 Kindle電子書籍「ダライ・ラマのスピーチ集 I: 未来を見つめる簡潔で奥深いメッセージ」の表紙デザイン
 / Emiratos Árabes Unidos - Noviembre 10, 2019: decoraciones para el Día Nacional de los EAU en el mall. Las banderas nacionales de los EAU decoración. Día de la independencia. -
++++++++++
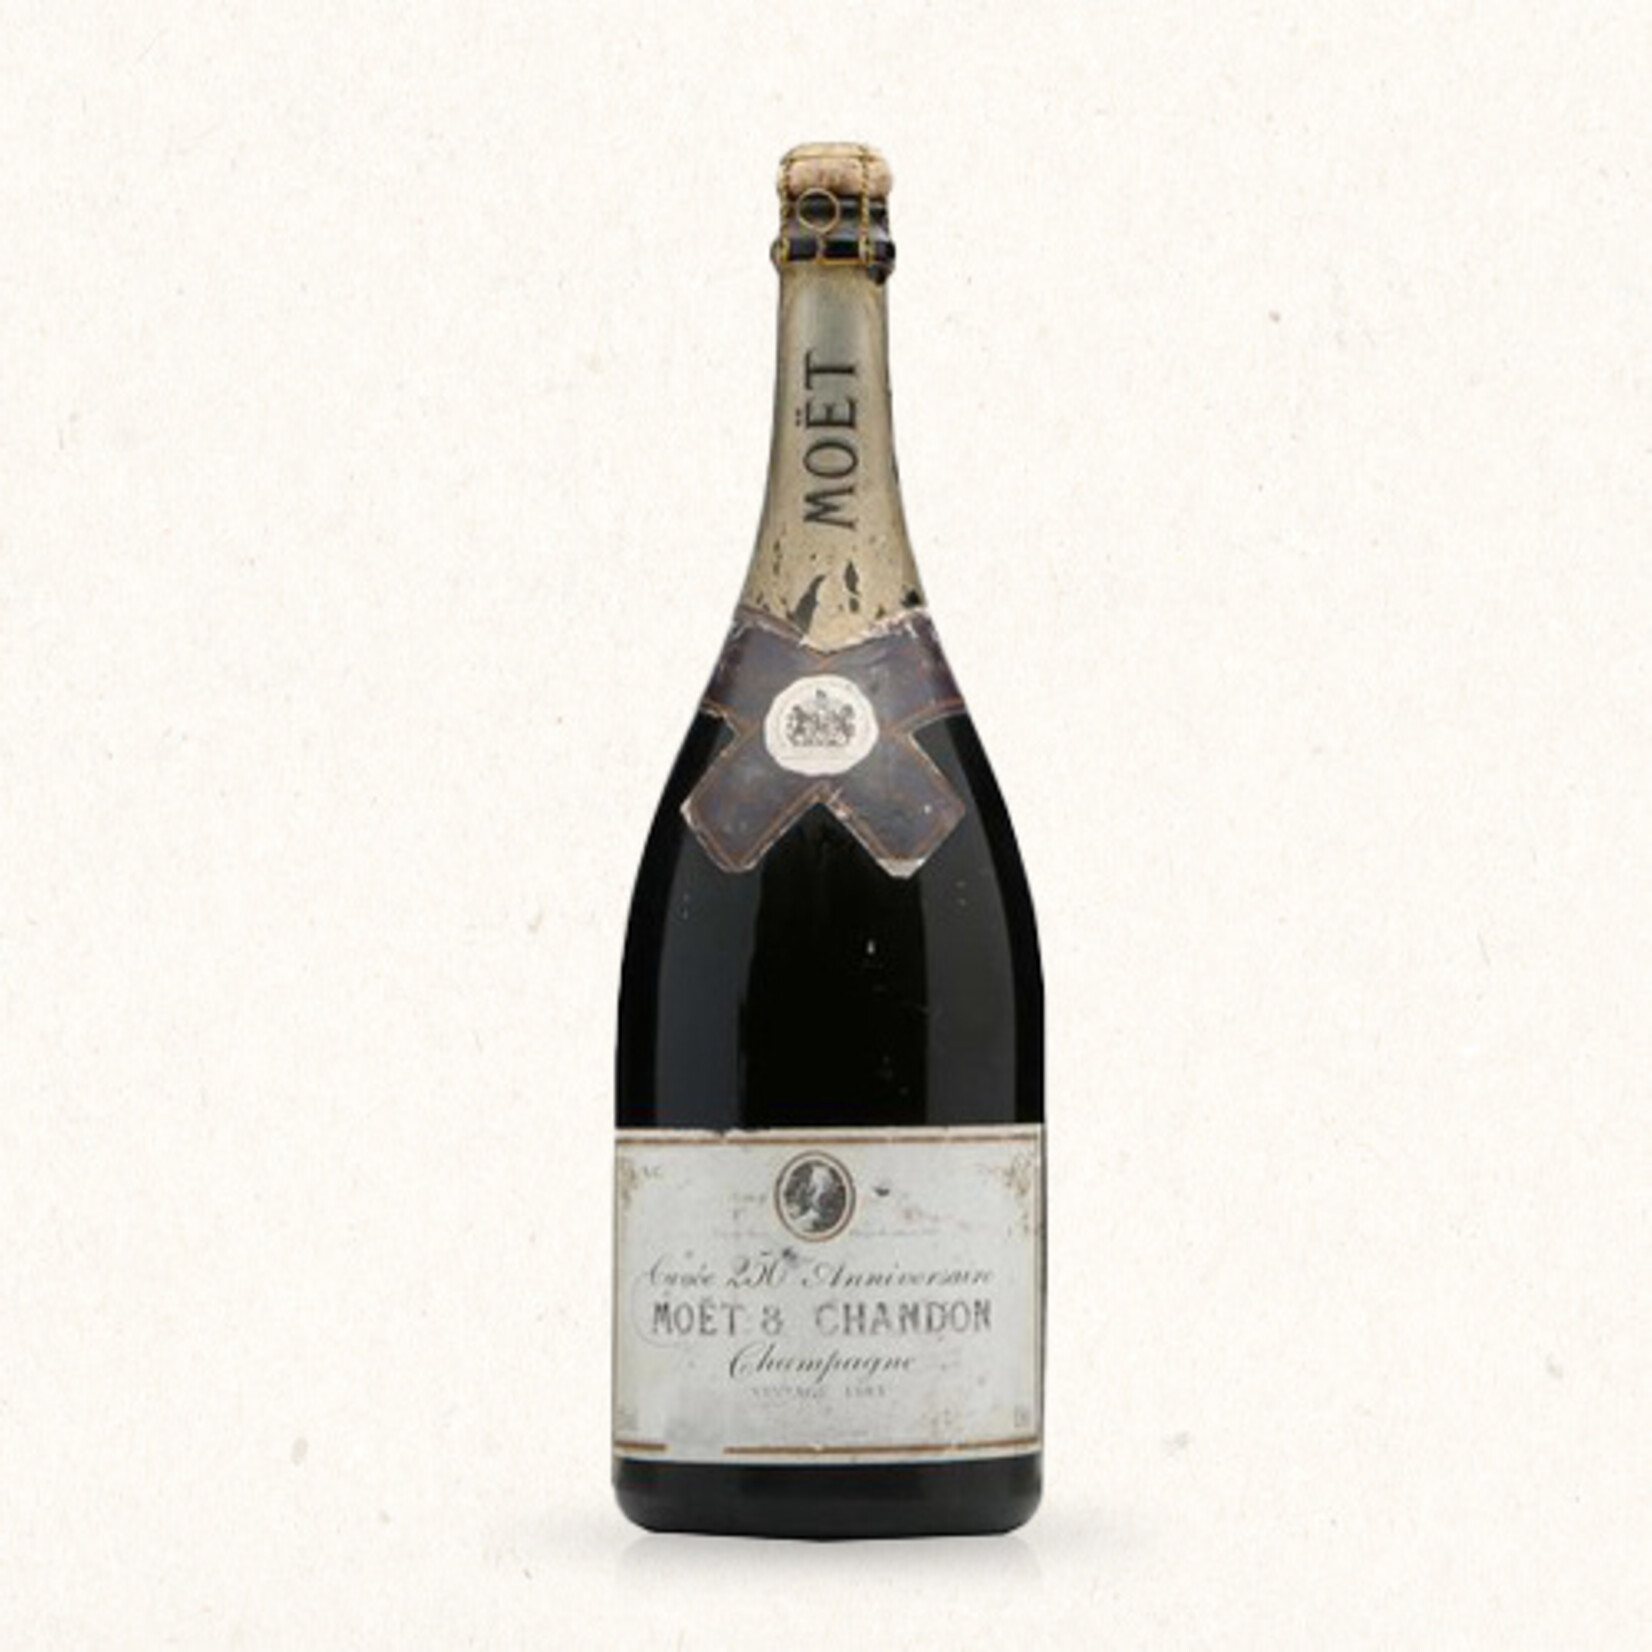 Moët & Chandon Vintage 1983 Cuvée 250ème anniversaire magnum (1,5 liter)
++++++++++
| ACTION ITEM |
Scan the records above for the lines holding "Kindle電子書籍「ダライ・ラマのスピーチ集 I: 未来を見つめる簡潔で奥深いメッセージ」の表紙デザイン" and "Emiratos Árabes Unidos". Transcribe those two and every line between them word for word, and no others.

| TASK ANSWER |
 Kindle電子書籍「ダライ・ラマのスピーチ集 I: 未来を見つめる簡潔で奥深いメッセージ」の表紙デザイン
 / Emiratos Árabes Unidos - Noviembre 10, 2019: decoraciones para el Día Nacional de los EAU en el mall. Las banderas nacionales de los EAU decoración. Día de la independencia. -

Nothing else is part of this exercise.